Conventional Approaches To Strategic Management
The aim of this essay is to critically analyse and evaluate the application, validity, limitations and uncertainties of the conventional approaches of strategic management in this rapidly changing business context. It briefly outlines strategic management as it is traditionally taught, studied and practised and how organisations determine what strategies are apt within various business environments. In keeping with the goal, the essay disputes the validity and applicability of the traditional approach in today’s deconstructing situation where the opportunities and challenges make any kind of logical strategic planning fail. Through the arguments stated in this paper, a combination and a right mix of prescriptive and emergent approaches is essential and needs to be incorporated in the strategic management process for continuity.

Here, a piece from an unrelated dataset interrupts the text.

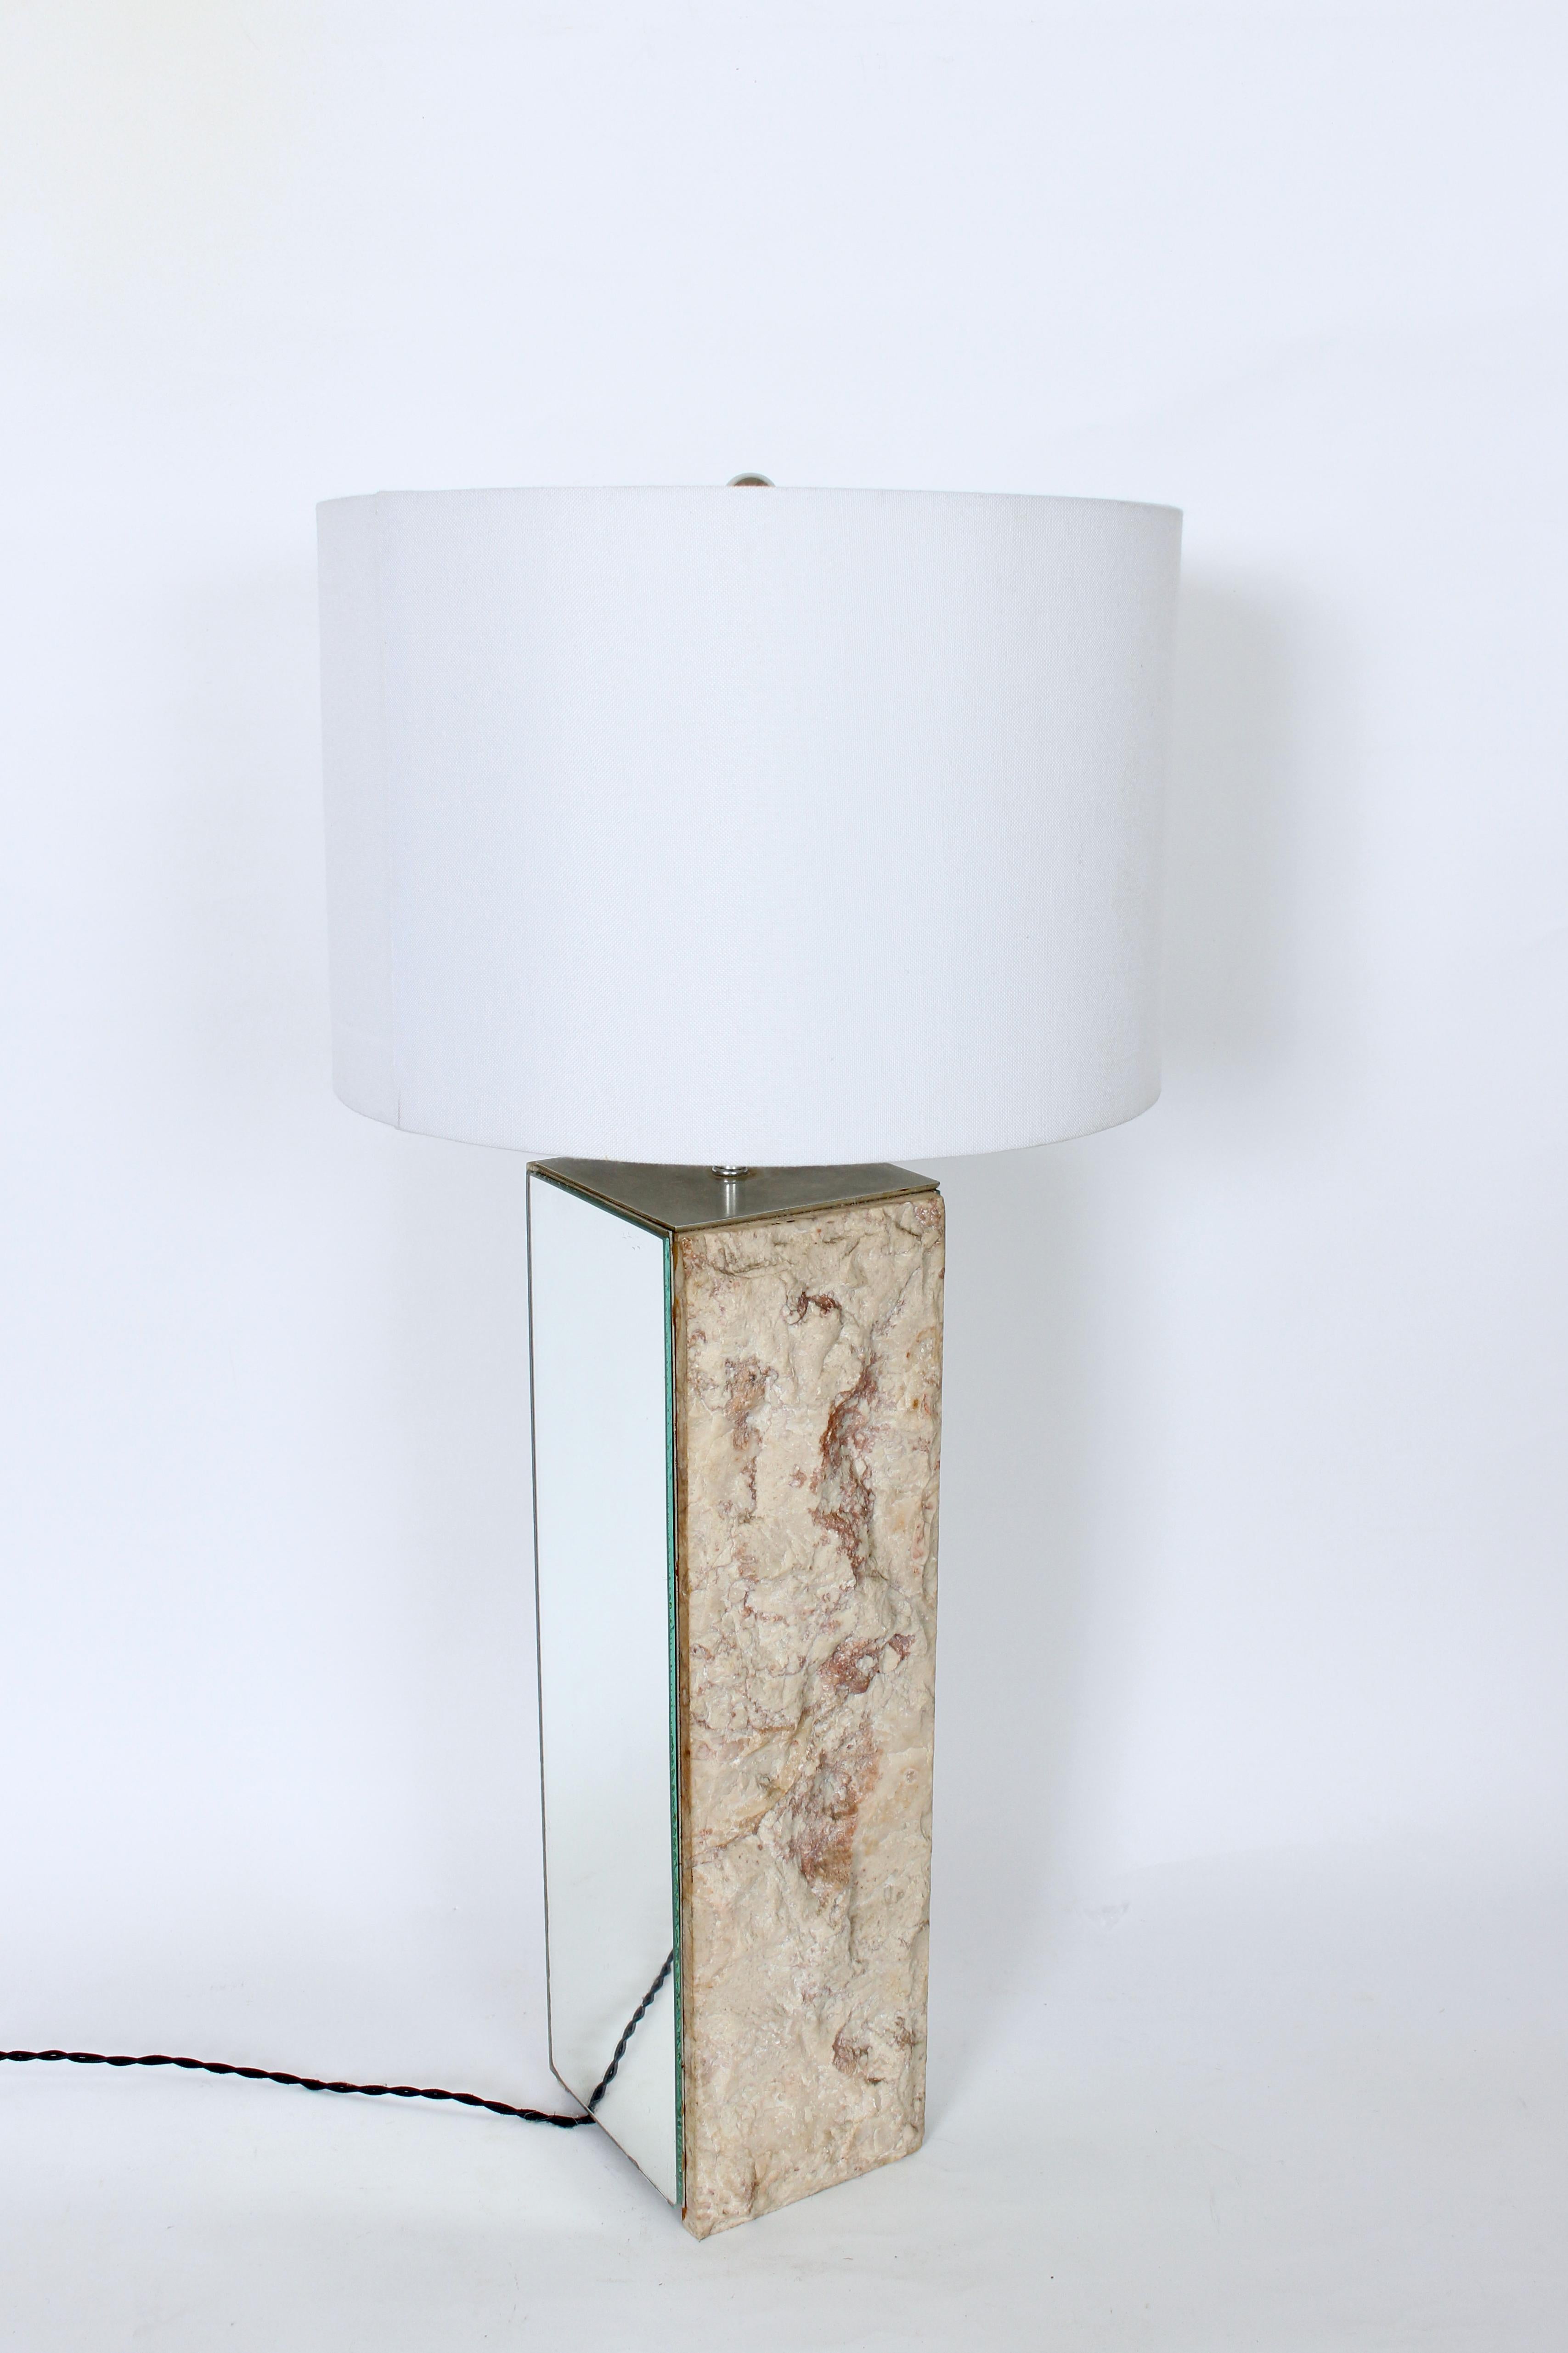 Substantial Laurel Lamp Co. Travertine and Mirror Table Lamp, 1960s In Good Condition For Sale In Bainbridge, NY

Thus conventional approaches with its pros and cons, still prevail in today’s economic business context.
In any business venture, strategy is a vital factor for the efficient functioning, growth, development, continuity and success of a firm. It aims to achieve a set goal and embarks a direction for the future. Organisations require collaboration, cautious planning and the mindful implementation of planning. To maximise the effectiveness of strategies and to ensure the smooth functioning and success of the business, they have to be managed skilfully. So what is strategy? What role does strategic management play in this global economic world? The word “strategy” has been implicitly used in various ways even if it has been conventionally defined in only one. It is widely accepted that there is no single or universal definition of strategy, however the various descriptions of strategy allows people to manoeuvre and manipulate through this difficult pitch. Mintzberg(1994) defines strategy in 5 different ways.
Plan – A consciously intended course of action to ensure objectives are achieved.
Ploy – Basically a subset of plan and is a trick intended to outsmart or overcome an opponent or a competitor.
Pattern – Series of action which involves consistent behaviour over time which may or may not be intended.
Position – Locating the organisation within a environment.
Perspective – It is conceptual as well as cultural and is concerned with how an organisation itself sees and perceives the business environment.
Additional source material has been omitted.